Tachyon: A File and Storage System for the Future of Computing

In the expansive world of software, I have a particular fondness and passion for the arcane yet critically important area of system software. For my entire career, whether as a programmer, kernel hack, or CEO, I have been involved with building companies and selling system software.

Generally speaking, system software is the entire operating system and related services that directly interface with the operating system. Software for networking, storage, compute, and (sometimes) security are examples of system software. You might think of system software as the plumbing of computing — and to extend the analogy, applications are the fixtures we all see and use. Not to put too fine a point on it, but without the plumbing, shit would be everywhere!

Innovations in system software tend to follow broad trajectories, given the dependence on hardware innovation and adoption of compute architectures in organizations. One of the most fundamental building blocks in system software is a piece of software called a file system, which is essentially a “file cabinet” of data. Without a file system, modern computers would not operate. At some point, all I/O and most data on a computer finds its way into a file system — making it one of the most indispensable system software components.

In 1990, I joined a company called Veritas Software that pioneered a new file system. The file system was so innovative for its time that it became the de-facto standard in nearly all datacenters. Of course, no one believed that building and selling a file system would amount to much. Boy were they wrong! The broad adoption of the Veritas File System (affectionately called VxFS) enabled Veritas to become a multi-billion-dollar revenue company.

In the years since VxFS, however, there have been only incremental file system developments. File systems have always been designed for a disk-drive-centric storage environment, so today’s disk-based computing systems are well tuned and perfected. Little new innovation is needed. It’s a fundamental paradigm that has existed since the beginning of computing.

But the world is changing. As we confront unprecedented amounts of data, much of it in real-time, there is a shift from disk-centric to memory-centric computing. This shift requires a complete re-think in file — and storage — system design.

Memory-centric computing assumes that large working sets of data live in system memory (or RAM) as opposed to disk drives or solid-state disks (SSDs). We can reliably predict, with the cost of system memory decreasing, that memory for both storage and compute will be the exact same thing. Until now, we have always had tiered memory (RAM, disk drives, tape), which served to trade off cost and performance, and led to an entire computing architecture that has persisted for the past 40 years. Memory-centric computing will flatten this memory hierarchy and completely up-end compute architectures. It’s a revolutionary concept, one that has never existed before… and we are finally close to achieving this milestone.

This shift to memory-centric computing requires an entirely new file and storage system. And that’s where Tachyon comes in to play.

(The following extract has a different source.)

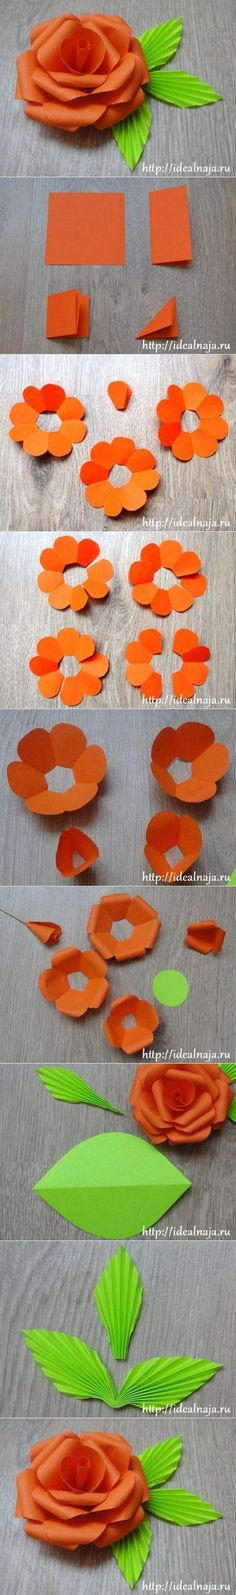 DIY Easy Paper Rose DIY Projects | UsefulDIY.com Follow us on Facebook ==> https://www.facebook.com/UsefulDiy

Tachyon is a memory-centric, fault-tolerant, distributed storage system, which enables reliable data sharing at memory-speed across a datacenter. Tachyon already supports many applications, with more to come, but will be especially valuable for big data applications. Think of Tachyon as the pioneer of next-generation file and storage systems, much like VERITAS was in the 1990s with VxFS.

So I am pleased to announce our investment in the company created by Haoyuan Li (“HY”), the co-inventor and lead of Tachyon and a Berkeley Ph.D. candidate (advised by top computer scientists Ion Stoica and Scott Shenker). HY drove the open source development of Tachyon at the U.C. Berkeley AMPLab, the birthplace of other industry-defining technologies such as Spark and Mesos.

HY’s insight and expertise — amplified by the incredible community working on the project — is bringing the next generation storage system to market. In less than two years, its industry traction is nothing short of phenomenal:

— Tachyon has more than 70 contributors from over 30 companies.

— Tachyon is deployed at more than 50 companies, some of which have deployed Tachyon with more than 100 nodes in production.

— It is the fastest-growing project in AMPLab history. Data also shows it is the fastest-growing project in the big data ecosystem.

One reason the IT community is going nuts over Tachyon is its ability to scale and perform with enterprise-class reliability. See for example this chart comparing Tachyon with today’s de-facto big data file system, HDFS:


As you can see, Tachyon linearly scales and blows HDFS away (even with HDFS running entirely in memory). Think of what this +100X performance boost will do for big data applications!

But that’s not all. As a general-purpose file system, Tachyon’s architecture supports data in traditional storage formats (e.g. HDFS, NFS) and modern workloads to power big data analytics.

Tachyon’s memory-centric architecture represents the future of storage. In fact, it’s the first new file system that was built from the ground up to take advantage of memory-centric compute architectures. With Tachyon as the “memory-centric” storage layer, our investments (including Databricks and Mesosphere) in the memory-centric infrastructure out of the “badass” Berkeley Data Analytics Stack (BDAS) — from big data storage to compute — is complete.

I am thrilled to be joining the board of HY’s company, currently dubbed Tachyon Nexus, based on the open source project Tachyon. We look forward to seeing this company become the next great software franchise delivering file and data management platform capabilities.